Files that do not match any category go into “other”.
The File Organizer
The core class handles all the logic:
from dataclasses import dataclass, field
from pathlib import Path
import shutil
import logging
@dataclass
class MoveResult:
source: str
destination: str
category: str
success: bool
error: str = ""
@dataclass
class OrganizeReport:
total_files: int = 0
moved: int = 0
skipped: int = 0
errors: int = 0
categories: dict[str, int] = field(default_factory=dict)
class FileOrganizer:
def __init__(
self,
source_dir: Path,
target_dir: Path | None = None,
dry_run: bool = False,
logger: logging.Logger | None = None,
) -> None:
self.source_dir = Path(source_dir)
self.target_dir = Path(target_dir) if target_dir else self.source_dir
self.dry_run = dry_run
self.logger = logger or logging.getLogger("file_organizer")
The organize() Method
def organize(self) -> OrganizeReport:
"""Organize all files in the source directory."""
report = OrganizeReport()
if not self.source_dir.exists():
self.logger.error("Source directory does not exist: %s", self.source_dir)
return report
files = [f for f in self.source_dir.iterdir() if f.is_file()]

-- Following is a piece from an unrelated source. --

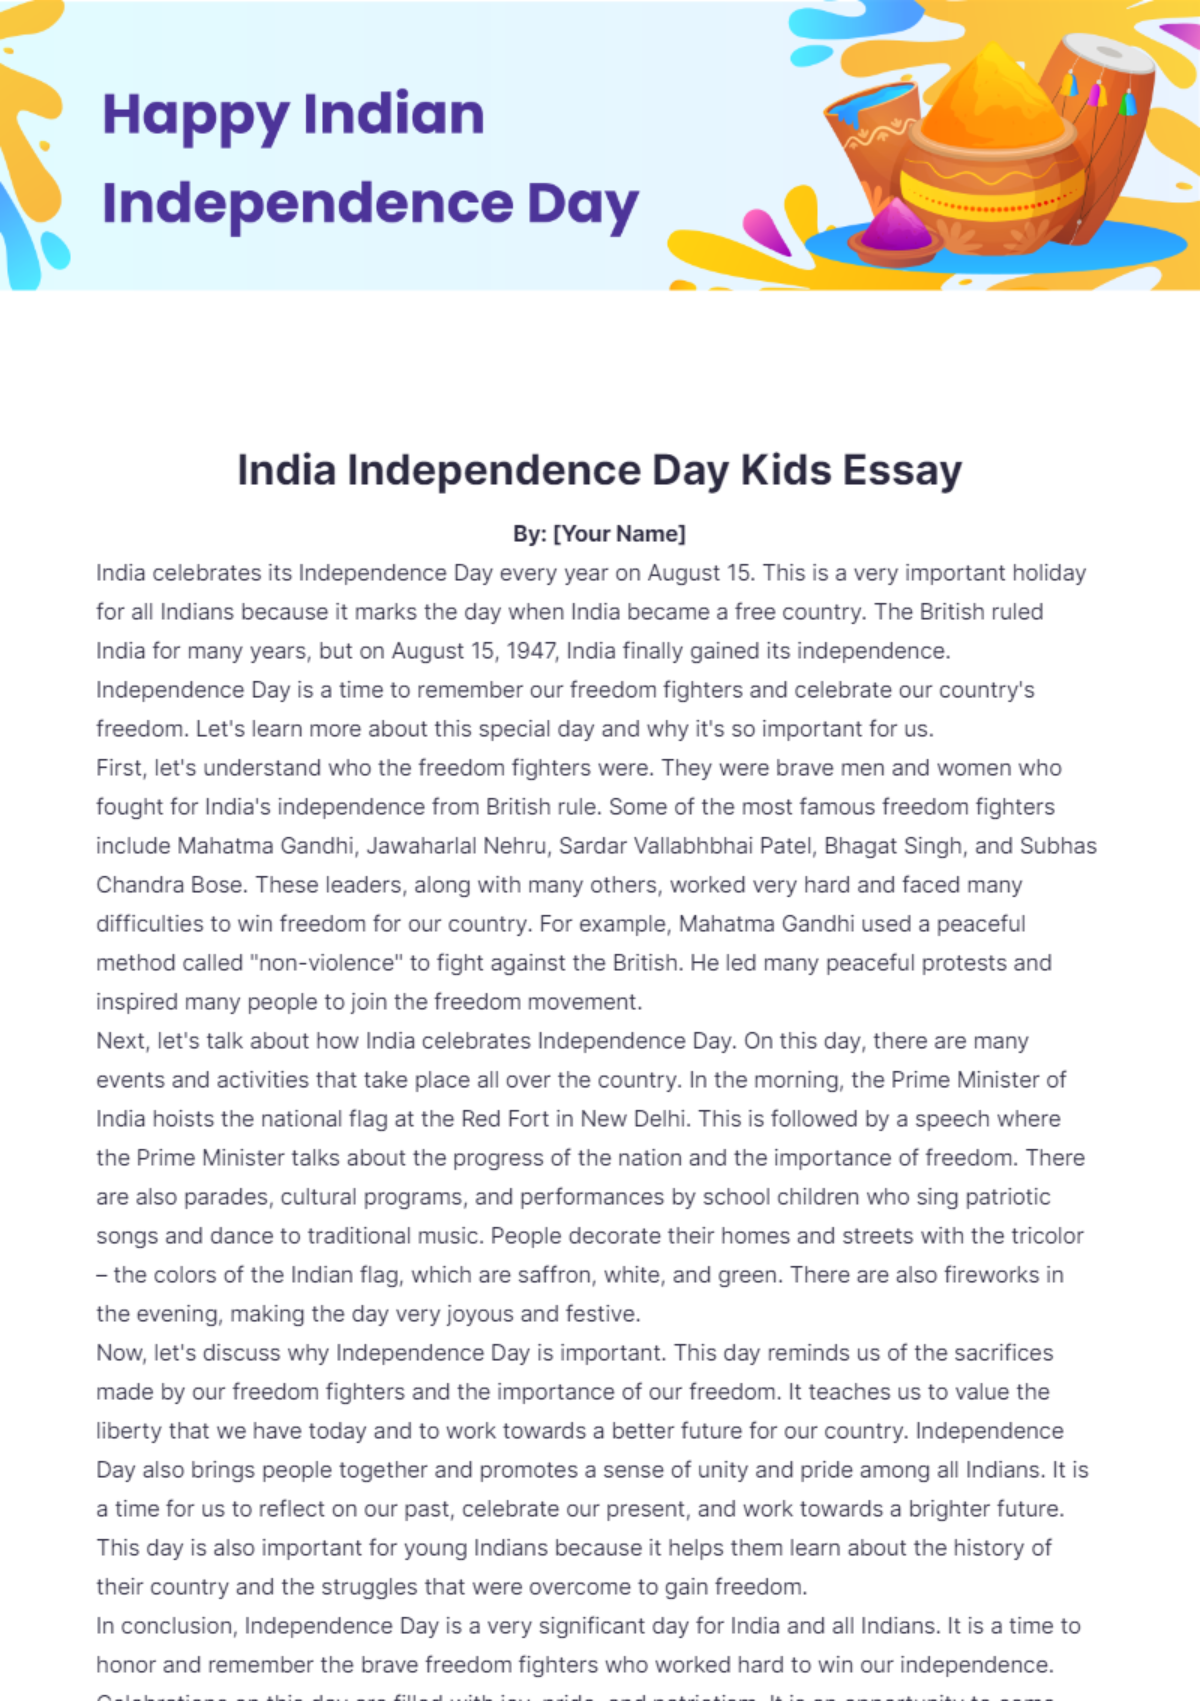 India Independence Day Kids Essay Template

report.total_files = len(files)
for filepath in files:
category = get_category(filepath)
target_folder = self.target_dir / category
target_path = target_folder / filepath.name
# Handle name conflicts
target_path = self._resolve_conflict(target_path)
if self.dry_run:
self.logger.info("[DRY RUN] %s -> %s/", filepath.name, category)
report.moved += 1
else:
try:
target_folder.mkdir(parents=True, exist_ok=True)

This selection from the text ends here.